Eindhoven under file number 17239156.
Article 1 [Applicability]
1.1 These General Terms and Conditions apply to and form part of all offers/
offers and contracts for the purchase and sale or execution of work have been made, and
concluded by KiwiHesta B.V. , hereinafter referred to as “KiwiHesta B.V.”, whereby KiwiHesta B.V. is to be regarded as the seller and/or the contractor, with a counterparty.
1.2 Any of the other party’s own General Terms and Conditions shall not apply.
The General Terms and Conditions of KiwiHesta B.V. shall prevail at all times, except in the case of
insofar as conditions deviating from KiwiHesta B.V., including those of the other party, are expressly accepted in writing.
Article 2 [Offers]
2.1 All offers, regardless of whether they are made by separate offer or otherwise, are
The agreement is binding and revocable, unless explicitly stated otherwise in writing.
2.2 All information provided to the other party in connection with an offer [documents in the form of
price lists, selection programmes, brochures and other size specifications,
weight [product/material], properties and quantities] are approximate and bind
KiwiHesta B.V., unless explicitly stated otherwise in writing.

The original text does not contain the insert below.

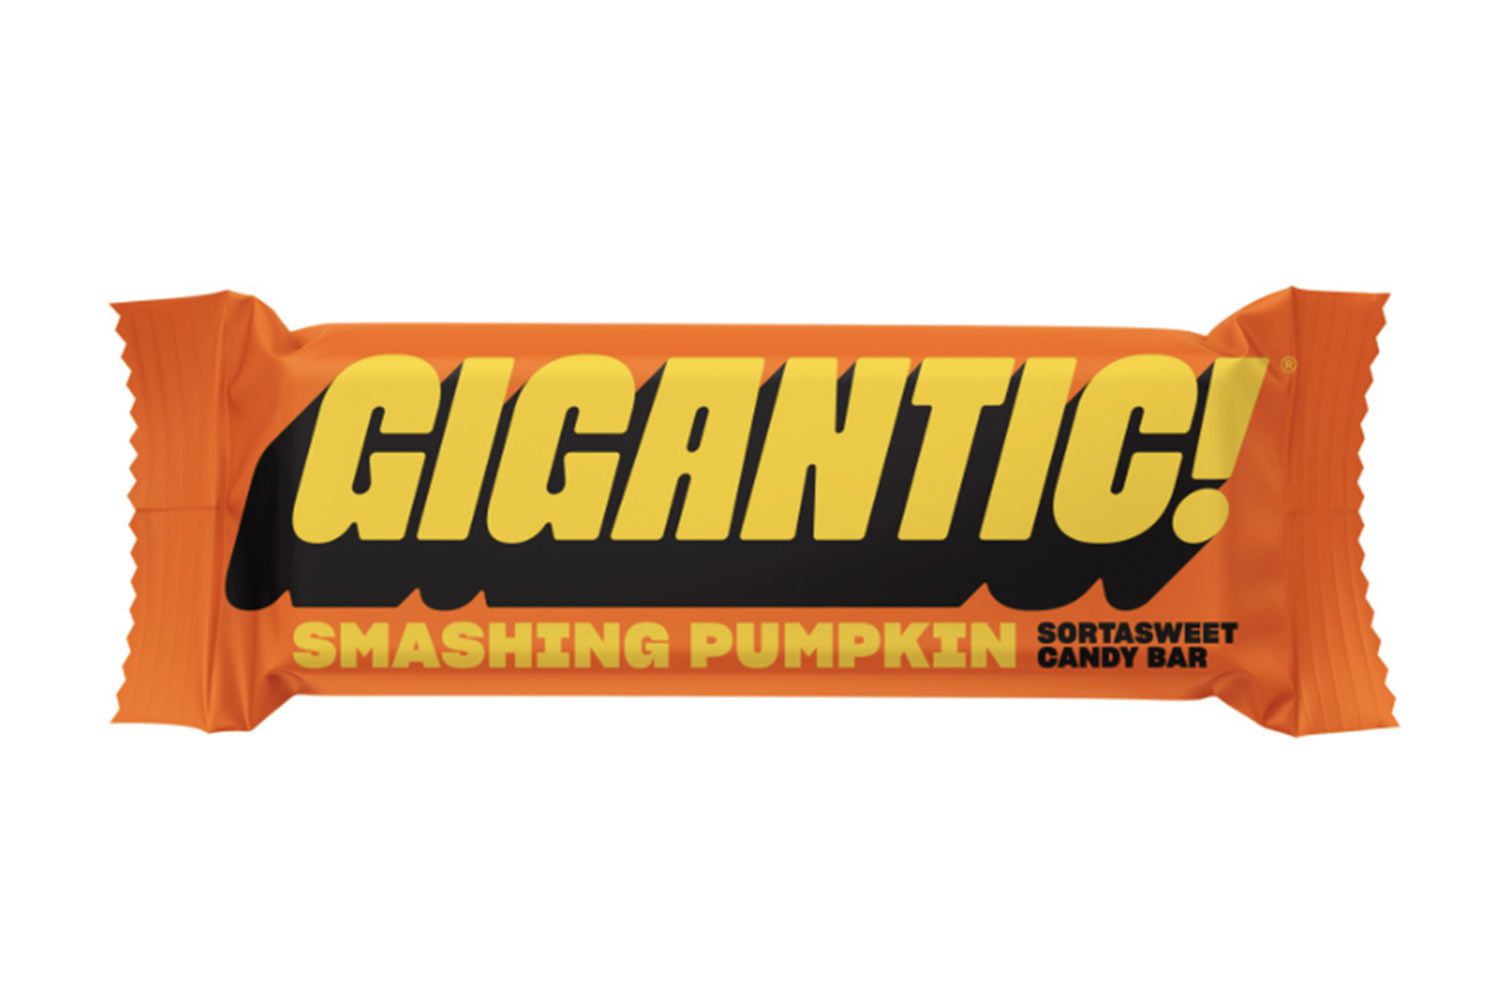 Gigantic! Smashing Pumpkin Candy Bar

2.3 KiwiHesta B.V. expressly reserves the right, if an offer made by it is not accepted,
to charge the other party all reasonable costs in connection with the submission of the offer.
Article 3 [Agreement]
3.1 The agreement concluded shall be confirmed in writing by KiwiHesta B.V. This confirmation of the assignment shall be deemed to accurately and fully reflect the agreement, unless the other party objects to this in writing within 8 days. The above shall also apply to additional or different agreements.
3.2 If the implementation of the agreement by KiwiHesta B.V. requires the involvement of third parties, KiwiHesta B.V. shall be entitled to charge the costs involved to the other party in full.
Article 4 [Intellectual and industrial property rights, duty of care and confidentiality].
4.1 All documents [models, drawings, designs and the like] by KiwiHesta B.V., either in the context of an offer made by it or in the context of the work to be carried out [and/or].
If a contract [of commission] has been concluded with the other party, the exclusive right to use the contract [of commission] shall continue to apply.
the property of KiwiHesta B.V. in so far as it already existed at the time of the offer or at any time thereafter
its intellectual or industrial property rights (including copyright)
4.2 The other party is expressly forbidden, unless KiwiHesta B.V. has given its explicit written consent, to use, multiply or make available for inspection by third parties the documents referred to in the first paragraph other than for the purpose of implementing the agreement.
or made available to third parties.
4.3 The other party shall keep and monitor the data provided by KiwiHesta B.V. with due care.
4.4 The other party shall be obliged, even after termination of the agreement, to observe full confidentiality.
of the data and information provided to it by KiwiHesta B.V. in connection with the provision by KiwiHesta B.V. of the
The documents referred to in paragraph 1 become known. The other party must fulfil this obligation.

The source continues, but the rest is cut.